Vehicle to X communication (in particular car2X communication) is now used to inform system 100 about the occurrence of the traffic event, here the accident between vehicles 120 and 130. System 100 thus obtains knowledge of passing the traffic event and thus initiates the recording of data by means of image sensor 104. System 100 can determine that it is currently passing the traffic event as follows: it can receive the information that it has approached the traffic event directly from roadside transceiver 140. It may additionally or alternatively receive the location of the traffic event from the traffic information service 160 or from the roadside infrastructure 140. In the embodiment illustrated in Fig. 1 the information is, for example, received over the mobile telecommunication network or the WLAN connection. It should be clear that such information can be received in a variety of ways, e.g. via an RDS or a TMC transmission, a DVBT transmission, or any other type of wireless data communication.
System 100 can now compare the received location of the traffic event with the current vehicle position determined from unit 106 in order to determine that vehicle 110 has approached the traffic event (is within a pre-defined distance of the traffic event). The current position can additionally or alternatively be received over one of the wireless data communications as mentioned above.

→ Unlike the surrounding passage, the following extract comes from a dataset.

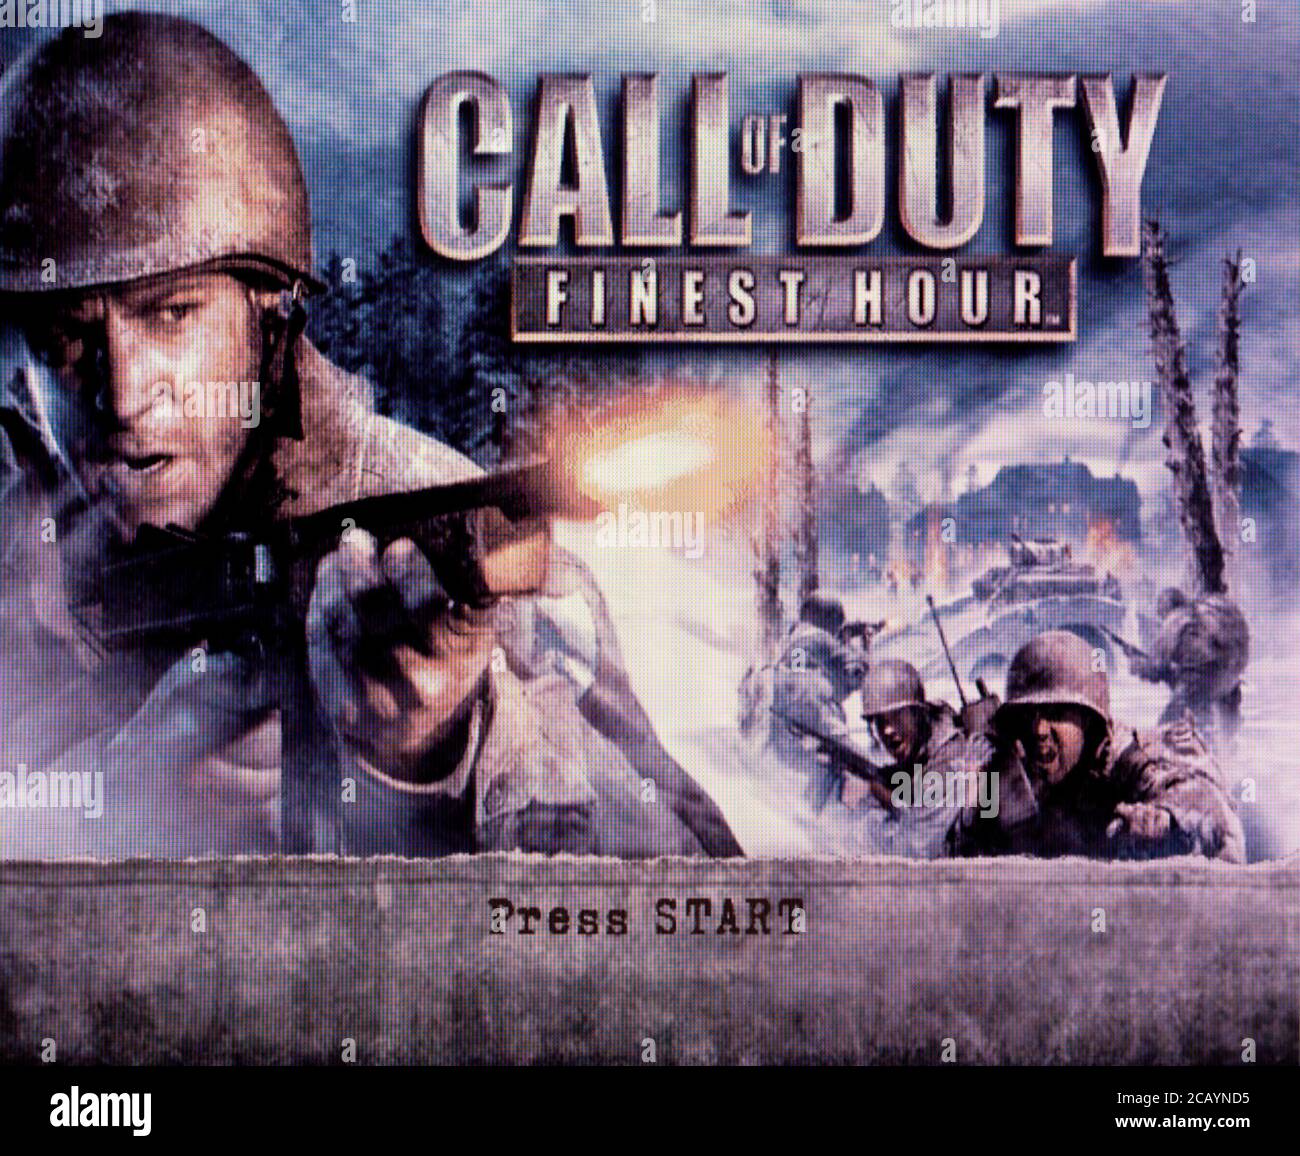 Call of Duty Finest Hour - Nintendo Gamecube Videogame - Editorial use only Stock Photo

Once it is determined that the vehicle has approached the traffic event, processing unit 101 controls image sensor 104 to acquire images or a video sequence of the traffic event. In the example of Fig. 1, it captures a video sequence of the accident of vehicle 120 and 130 when passing by the accident site. The acquired image data is then transmitted to traffic event center 150, e.g. via the WLAN connection or over the mobile telecommunication network, e.g. via a packet-based transmission. Additionally or alternatively, processing unit 101 may control image sensor 104 to acquire a stream of video data, which is transmitted to the traffic event center 150 preferably via a high bandwidth connection or communication.
Traffic event center 150 can now evaluate the received image data and take the appropriate measures, e.g. decide on the necessity of a fire vehicle or the number of required ambulances.
As vehicle 110 passes by the accident scene, image sensor 104 may be capable of covering the whole accident scene, so that comprehensive information is available at traffic event center 150. If different information is required, traffic event center 150 can inform the driver of vehicle 110, e.g. via a data transmission through system 100 or it can directly control the operation of image sensor 104 by the transmission of corresponding control instructions to system 100, as described further above. Traffic event center 150 may thus zoom in on a particular detail of the accident scene or may point the camera to a particular section of the scene.
Processing unit 101 can be configured to take further measures when it receives the information or determines that the vehicle is approaching the traffic event, i.e. comes to within a certain distance of the traffic event. Such measures can be one or a combination of the following: The driver of the vehicle can be warned by means of an acoustic and/or visual signal indicating the approaching of the traffic event. If the processing unit is adapted to automatically start the recording and transmission of the image data, it may inform the driver that recording and/or transmission have started. The driver may be given the possibility of controlling the acquisition and/or transmission of the image data. The driver may for example select via a user interface provided for the system 100 not to transmit or not to acquire the image data. Privacy aspects of the driver or other vehicle passengers may thus be accounted for. In other embodiments, it is also conceivable that the driver takes a more interactive role in the acquisition and/or transmission of image data, e.g. by initiating the acquisition and/or transmission, by aiming the image sensor at a particular area of the traffic event site, by selecting the mode or system to be used for data transmission and the like.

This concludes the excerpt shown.